A Love That Never Dies, The Anchor, November 1, 2013

Fr. Roger J. Landry
Putting into the Deep
The Anchor
November 1, 2013

After Constantine gave word that he was going to bury the Vatican necropolis to build the first Basilica to St. Peter around 320, pagan families began moving their dead out, so that they could continue their practice of having refrigeria (picnics) with their deceased loved ones.

At the same time as, Christians formed a procession in the opposite direction moving their loved ones in.

The reason why was shown in an inscription a Christian left in the mausoleum of Valerius Herma that I used to ponder with pilgrims during my years as a guide to the Vatican excavations.

“Petrus, rogat Christus, pro sanctis hominibus chrestianis [ad] corpus tuum sepultis,” someone wrote with charcoal in flawed Latin. “Peter, pray to Christ for the holy Christian men and women buried near your body.”

Discovered during the excavations that began in 1939, the inscription confirmed not only that Christians were bringing their dead in to inter them as close as possible to St. Peter, but that they believed that prayers for the dead were so important that they would even place their loves ones in what would become an inaccessible subterranean burial ground in order best to assure those prayers.

The important thing to notice about the inscription is not the hope for “geographical nepotism,” as if St. Peter would take the command to “love your neighbor” so seriously as to give special predilection to those whose tombs abutted his. It’s rather the evidence of the perennial Christian practice of praying for the dead.

There is no reason to pray for loved ones, I would tell the pilgrims, if we think that they are already in heaven. Likewise the early Christians never believed that there would be a furlough from hell. If they were praying for the dead and making such an effort to ask St. Peter to do the same, it was because they believed that there was a good chance their loved ones were neither in heaven nor in hell but in a place where prayers were needed.
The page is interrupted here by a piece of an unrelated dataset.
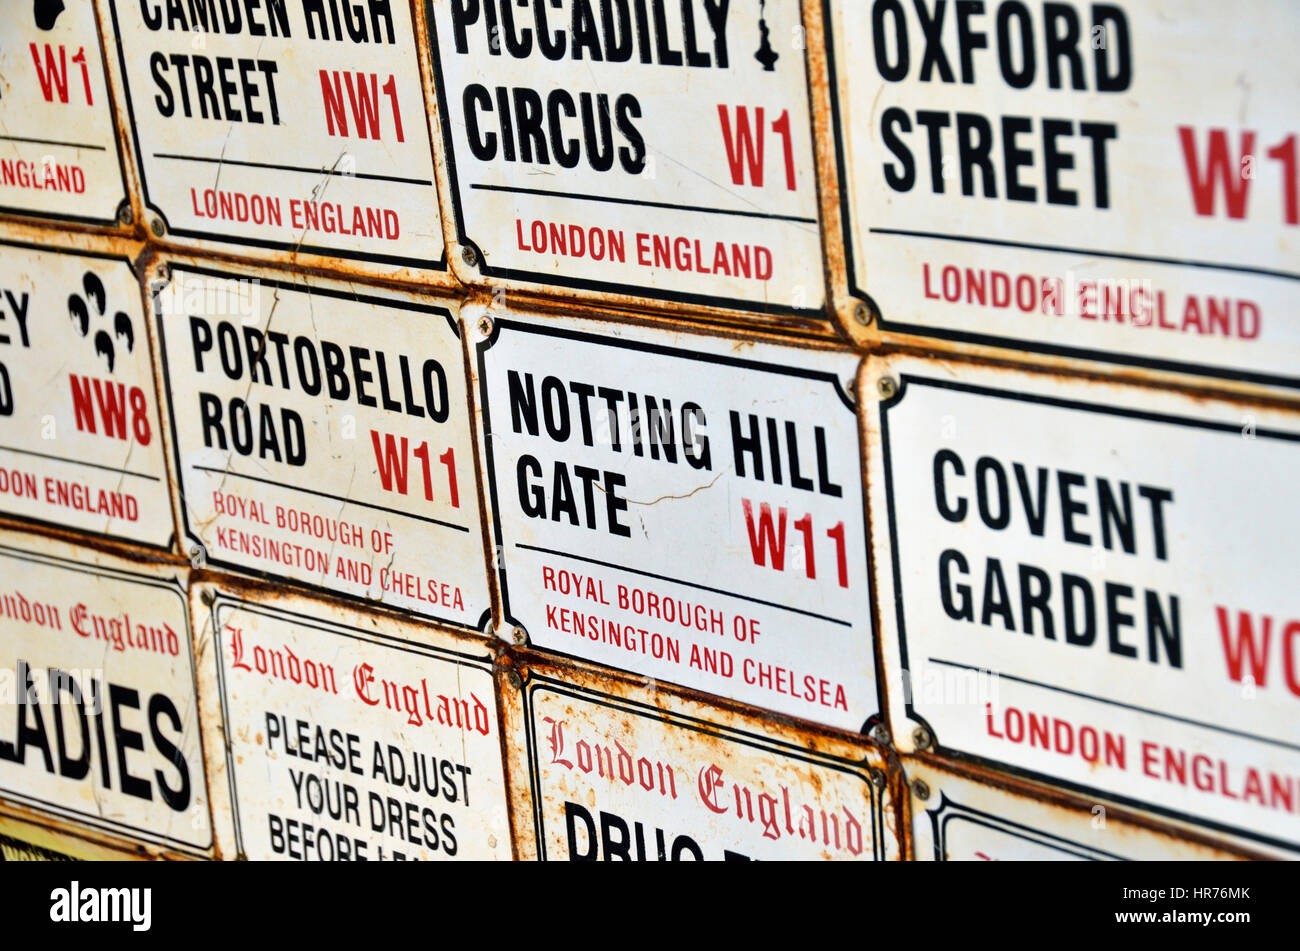 Numerous street signs of well known London locations. Stock Photo

It would take a few centuries for the word “purgatory” (place of cleansing) to develop, but long before the word came into vogue, the practice of praying for the dead and the underlying belief in its importance was very much practiced by faithful Christians.

Praying for deceased loved ones is just as important today as it was in the early Church. The same love that the early Roman Catholics to bury their loved ones as close as possible to Peter should lead all of us to draw as close as possible to Christ on the altar to pray for ours.

To pray for the dead is not just a spiritual work of mercy but sweet response of love.

Tomorrow we celebrate the Commemoration of the Faithful Departed, popularly known as All Souls’ Day, when Catholics convene to pray for our deceased loved ones and for all who have died.

We come together to pray for them because, except for a baptized baby who died in infancy or a canonized saint, we simply don’t know the state of our loved ones after death.

Jesus told us emphatically not to judge, and this means not only not to condemn to hell someone we thought was evil but also not to place in heaven someone we thought good, for only God sees the heart.

As so on All Souls Day and throughout the month of November, we pray for those who lived, to our eyes, a good and holy life, who cared for Christ in the hungry and poor, who died with the sacraments. We also pray for those who lived, by human impressions, a life far from God, his sacraments and commandments, and who may have died in objectively sinful circumstances. We pray for them all, entrusting them to God’s mercy, knowing that in the communion of saints, our prayers and good deeds can in fact help them.

On All Souls’ Day we pray for them in the most powerful way any human being can: at Mass, entering into Christ’s prayer from the Upper Room and the Cross that made salvation possible. While we explicitly pray for the dead in every Eucharistic Prayer, on All Souls Day and throughout November we’re called to pray this memento with special preparation, recollection and devotion.

I’m always moved by the devotion of some Catholics to this work of mercy and love of praying for deceased family members and friends, themselves and others. Many Catholics regularly have Masses said for deceased loved ones, and some Catholics routinely have Masses offered for forgotten souls in Purgatory. Last week I received word that a recently deceased parishioner left as the first item in his will money to have 200 Masses said for him and his deceased wife — a profoundly humble, Catholic and wise act.

But I’ve also seen what I think can only be called a growing spiritual negligence on the part of many other Catholics. Perhaps because they mistakenly presume — contrary to Christ’s words in the Gospel and the teaching of the Church — that everyone who dies automatically goes to a “better place,” they seem never to pray for loved ones. They sometimes don’t even have funerals for them, not to mention have month’s mind or other Masses offered. They’re nowhere to be found — either at Church or at a cemetery — on All Souls’ Day.

The way a Catholic lives the month of November often shows the vitality of the person’s faith and love.

Pope Benedict wrote in 2007, “The belief that love can reach into the afterlife, that reciprocal giving and receiving is possible, in which our affection for one another continues beyond the limits of death—this has been a fundamental conviction of Christianity throughout the ages and it remains a source of comfort today.”

All Souls’ Day is an occasion on which all Catholics are able to put into practice that “fundamental conviction” with a love that not even death can destroy.